Time Management for Teachers - Time Saving Tips, Tricks and Hacks {Part 2 of 3}

Updated: Apr 10


We are back again to talk about all things Time Management for teachers.


{This post is Part 2 of a 3-part Time Management series for teachers }


This is one of the many skills teachers need to juggle all the demands and expectations upon us. As we have said before, by managing your time, you will find it easier to get through all the requirements expected of you as a teacher (and boy, there can be A LOT!)


Organisation and time management go hand in hand. By setting up systems and routines, you will be better equipped and more efficient at completing repetitive tasks. By doing this, it will allow extra time to focus on more difficult jobs.


In this article, we will focus on time management tips that assist with staying organised:

5-minute rule

If you can do a task in less than 5-minutes, do it immediately. We find this is a good one when you are asked to send emails or hand in information at staff meetings. It is also a good rule for replying to parents or staff emails. By implementing the 5-minute rule, you aren’t clogging up your brain with more things to think about. You are simply getting it off your plate and moving on.



Lesson planning rule

Never spend more time on a lesson plan than it will take your students to complete. Think about your time as an investment; you wouldn’t make a monetary investment in something that will cost you more and more each year.


Delegate if possible

There is no rule that you must do everything yourself. Can your students help you complete a task? Some students love to stay in at lunch and help set up an art lesson or help you reorganise the maths resources (just make sure you have a small group and not just one individual student). Parents also love to help. For example, you could send home cutting, laminating, covering of books if they want to help.


Batching

Time management pros all say that batching is the best way to be productive. Batching is when you do the same or very similar tasks all at once.

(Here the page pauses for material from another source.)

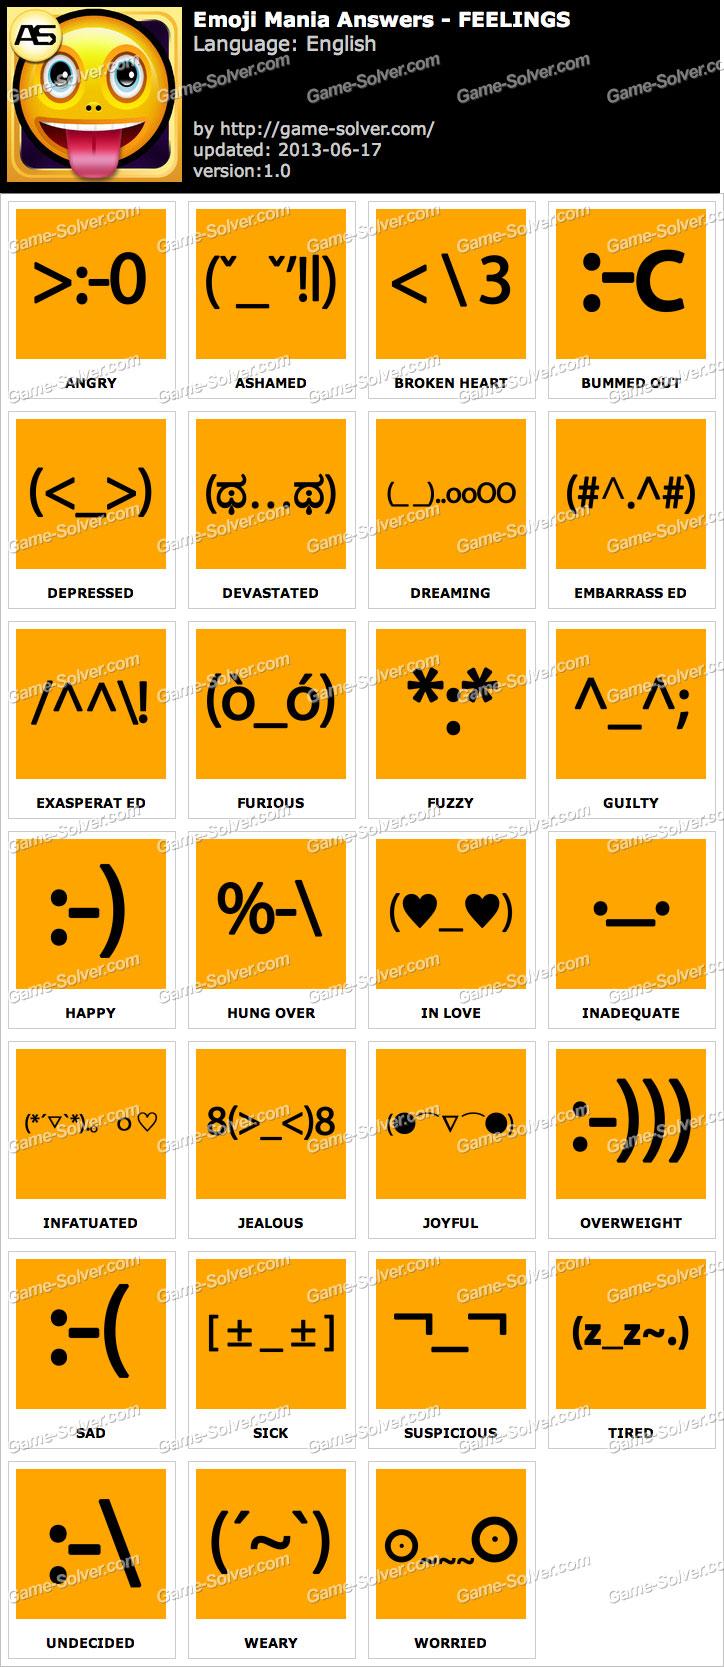 emoji mania feelings answers

For example: If you have a comprehensive assessment to mark, such as an end-of-year Maths test, you can batch this task by marking all the students' first page and then continue onto the second page. Another example of batching is planning a whole term of homework in one sitting or making several class displays simultaneously. One way to help you get into the rhythm of this is organising your to-do list in sections.


In summary, move over multitasking!



Prioritise your to-do list

Try looking at your list and ranking the tasks according to importance, relevance, time limitations, and impact on student outcomes. It will help you see where you need to invest your time, to begin with.


Maintain Focus

Working in smaller time frames may help with this one. It is important that you are focused and when you are not, give yourself permission to take a break. Ways we like to keep ourselves focused is to always have a glass of water on hand, batch, and eliminate distractions!


Work smarter, not harder

Finding shortcuts isn’t cheating – it is smart. No doubt there will be someone at your school that is super-efficient. Watch how they do things and ask them how they take shortcuts.


Create a digital filing system

This will make things easier for your future self. Creating those clear storage systems is going to really help. The same goes for any concrete resources such as games etc.


Hold yourself accountable

Keep yourself accountable and on track by setting realistic goals. You are more likely to complete a task if you hold yourself accountable, and once something is done, you can move onto the next thing.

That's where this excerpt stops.